[107] Eve’s serpent is represented by the lawgiver as thirsting for man’s blood, for he says in the curses pronounced on it, “He shall lie in wait for thy head, and thou shalt lie in wait for his heel” (Gen. 3:15); whereas Dan’s serpent, of which we are now speaking, is represented as biting, not a man’s, but a horse’s heel.
[108] For Eve’s serpent, being, as was shewn before, a symbol of pleasure, attacks a man, namely, the reasoning faculty in each of us; for the delightful experience of abounding pleasure is the ruin of the understanding;
[109] whereas the serpent of Dan, being a figure of endurance, a most sturdy virtue, will be found to bite a horse, the symbol of passion and wickedness, inasmuch as temperance makes the overthrow and destruction of these its aim. When these have been bitten and brought to their knees, “the horseman,” he says, “shall fall.”

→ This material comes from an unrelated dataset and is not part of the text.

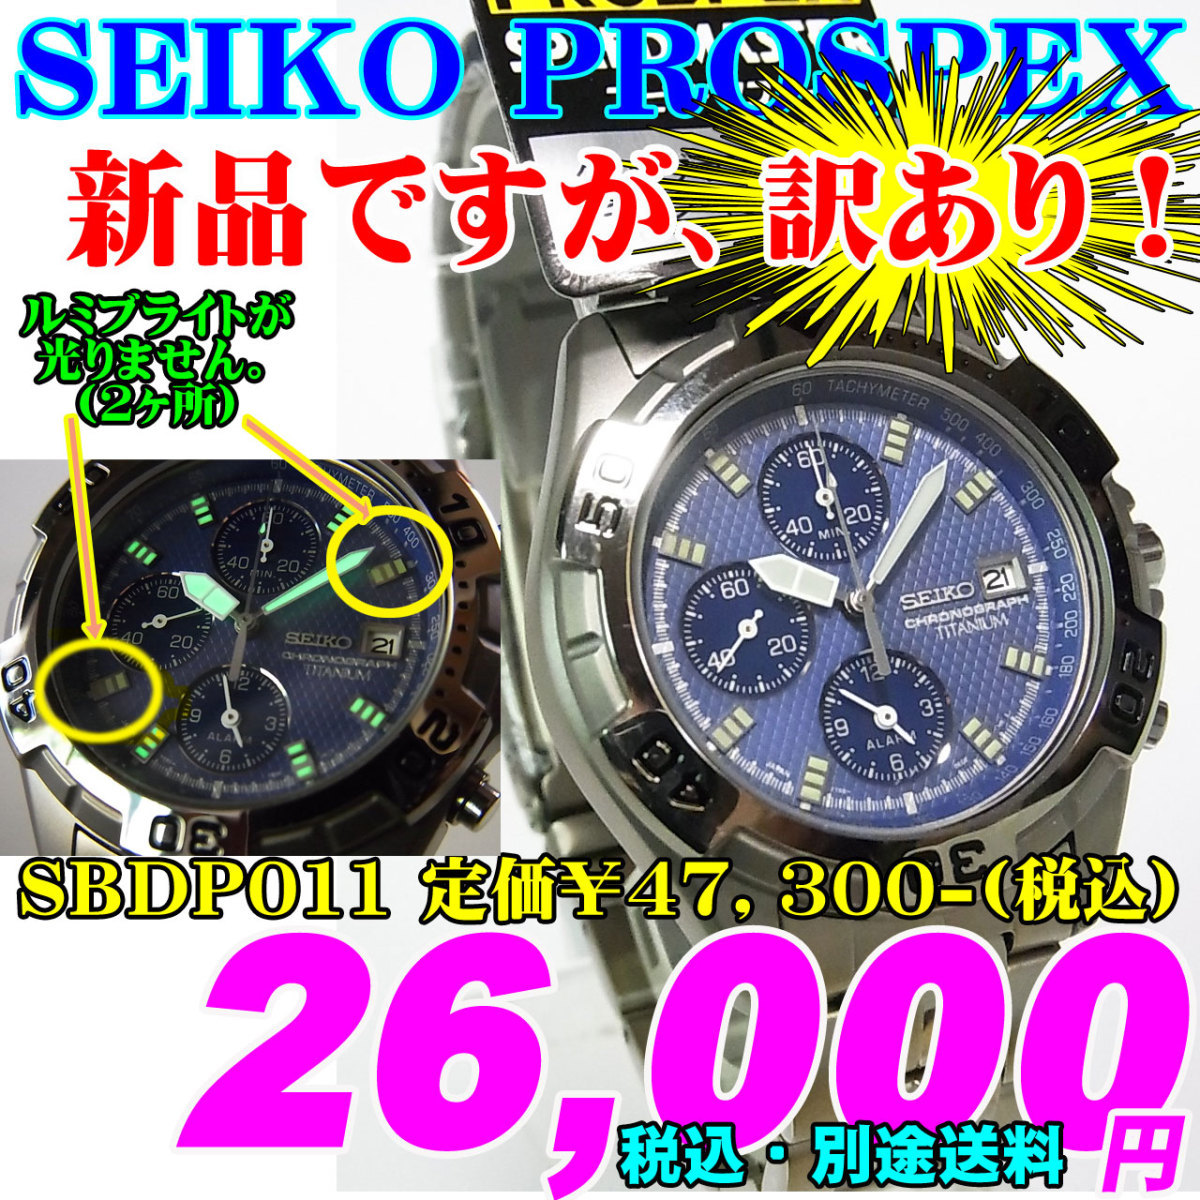 新品ですが・・・訳あり SEIKO PROSPEX セイコー プロスペックス SBDP011 定価￥47,300-(税込)新品です。 チタン クォーツ お買い得

[110] What he conveys by a figure is this. He regards it as no worthy object of ambition for our mind to ride on any of the progeny of passion or wickedness, but, should it ever be forced to mount one of them, he considers that it is best for it to make haste to jump down and tumble off; for such falls bring the noblest victories. This explains what was meant by one of the ancients when challenged to a reviling match. He said that he would never come forward for such a contest, for in it the victor is worse than the vanquished.